The Commissioner of Health of the City of New York is the head of the city's Department of Health and Mental Hygiene. The commissioner is appointed by the Mayor of New York City, and also serves on the city's Board of Health with the chairperson of the Department's Mental Hygiene Advisory Board and nine other members appointed by the mayor.

History
The Metropolitan Board of Health, which was the predecessor agency to the Department of Health and consisted of sanitary and vital statistics bureaus, had its first meeting on March 5, 1866. The modern Department of Health, under a single commissioner, was formed by the New York City Charter revision pursuant to Chapter 137 of the Laws of 1870 passed by the New York State legislature. In the early years after its formation, commissioners were sometimes political appointments, with no experience in medicine or related fields.
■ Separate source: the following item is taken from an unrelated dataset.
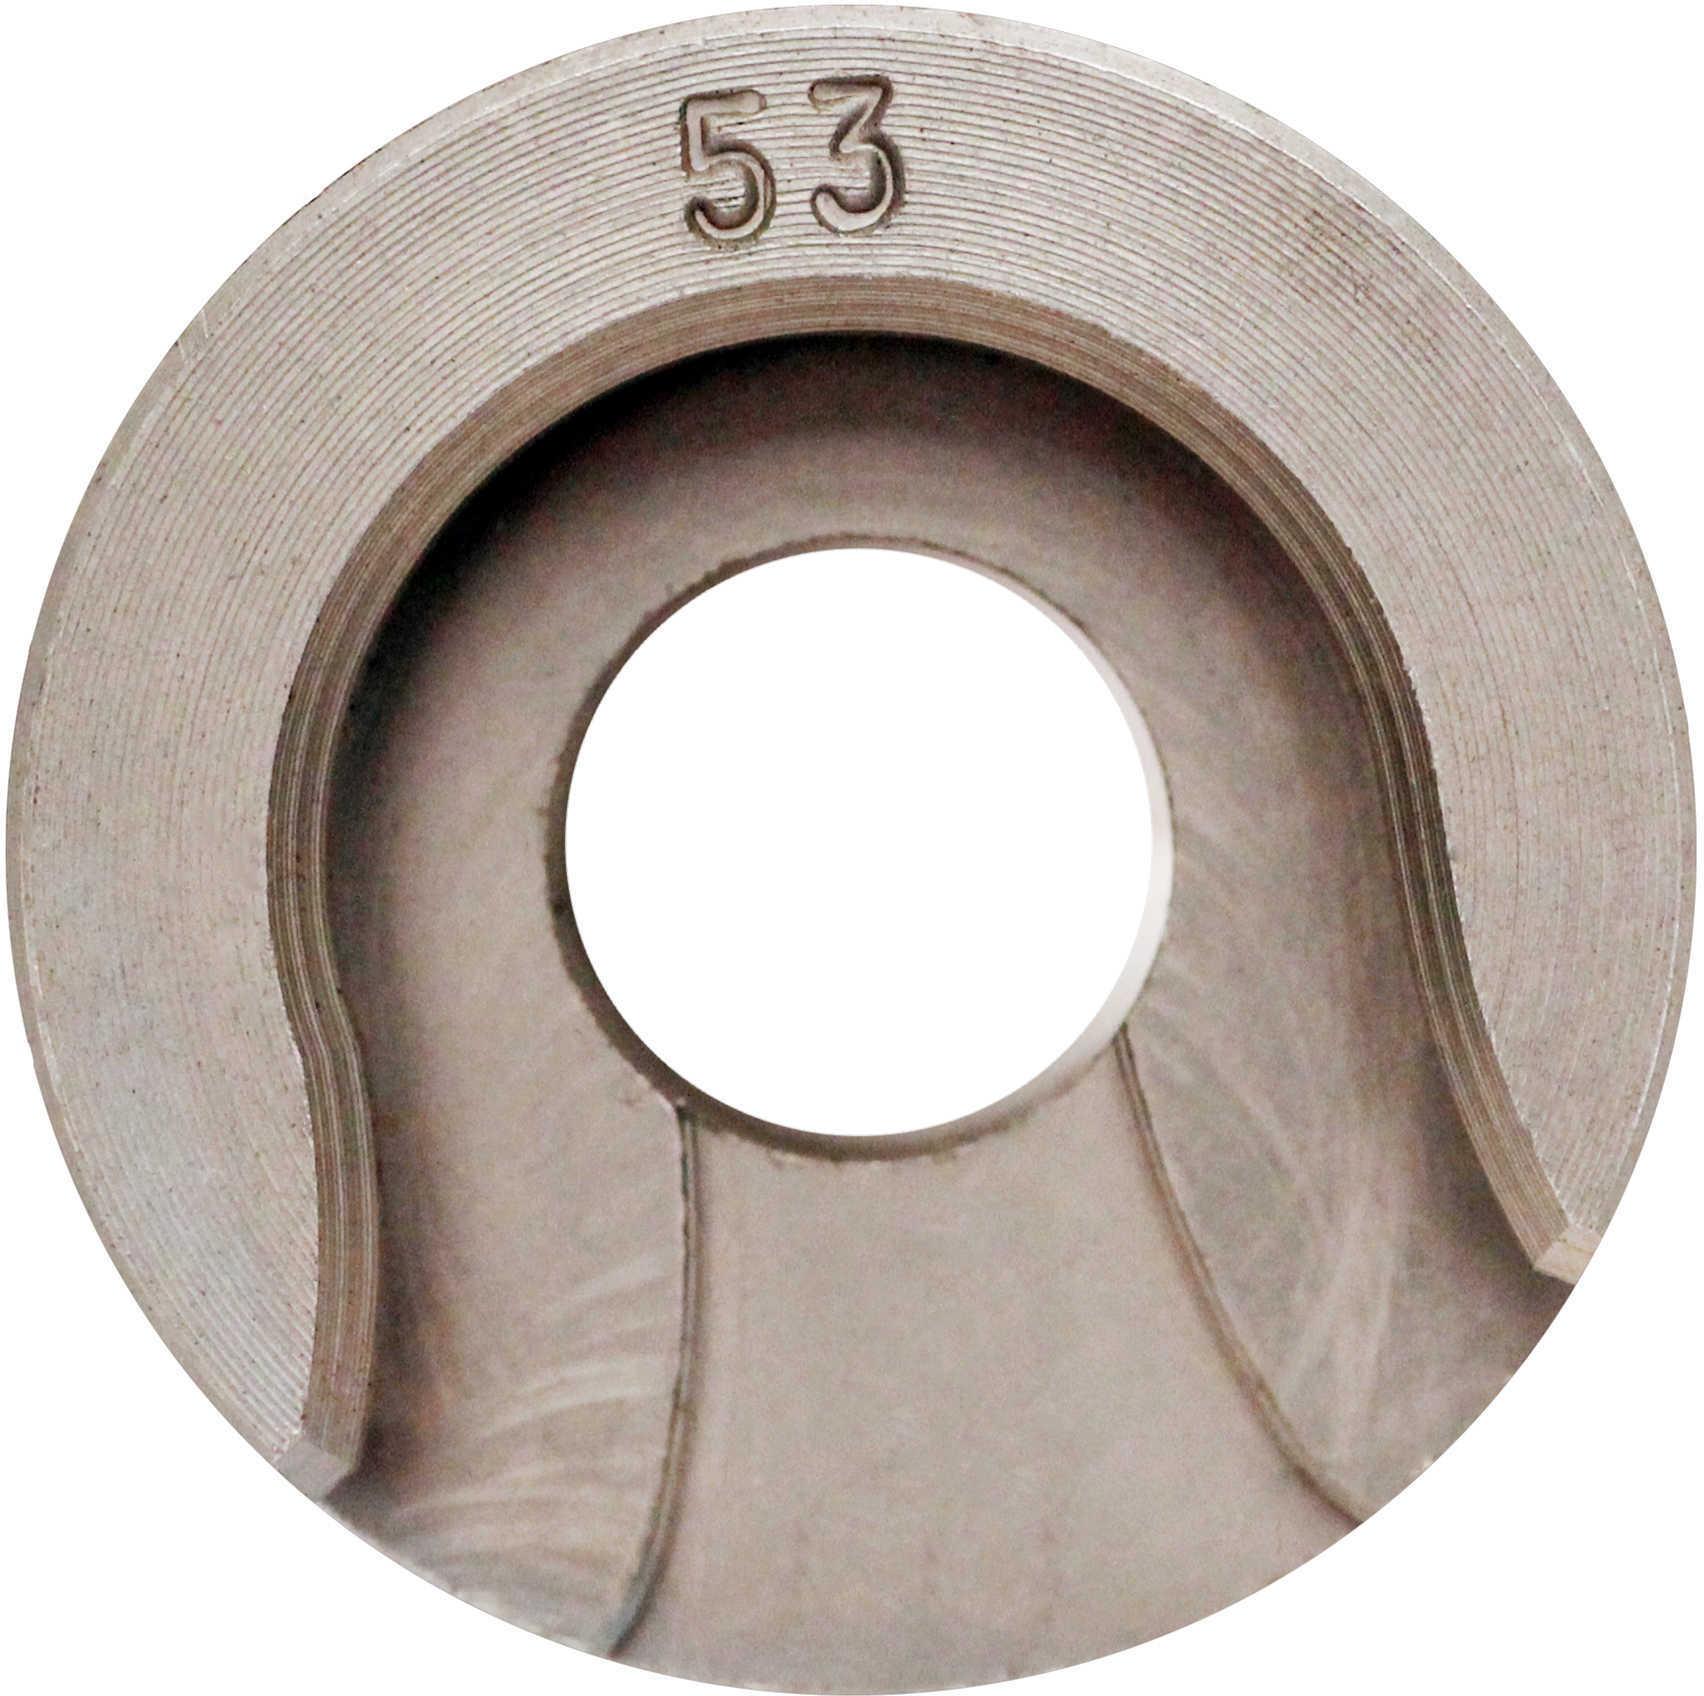 Hornady Shell Holder Size 30 Md: 390570

In 2002, the Department of Health was merged with the Department of Mental Health, Mental Retardation and Alcoholism Services to form the Department of Health and Mental Hygiene.

Qualifications
City regulations currently require that the commissioner of health must be a doctor of medicine, and have either
 an M.P.H. degree, an M.B.A. or M.P.A. degree with concentration in the health field, or an equivalent degree and at least five years' teaching experience college or university public health, or
 at least five years' experience in public health administration.

Duties
According to the New York City Charter, the commissioner is broadly responsible for preparing plans for construction and operation of medical and health care facilities and establishing their priorities, has the power to compel the testimony of witnesses and produce reports and documents in matters regarding health, and assess penalties up to $1,000 for violations or failures to comply with health notices or regulations. These duties involve regulating and overseeing matters ranging from reportable contagious diseases, to registration of birth and deaths, restaurant inspections, selling food from carts, selling tobacco products to minors and monitoring of smoking in public areas, regulation of wild animals, and sending health alerts to the public and doctors.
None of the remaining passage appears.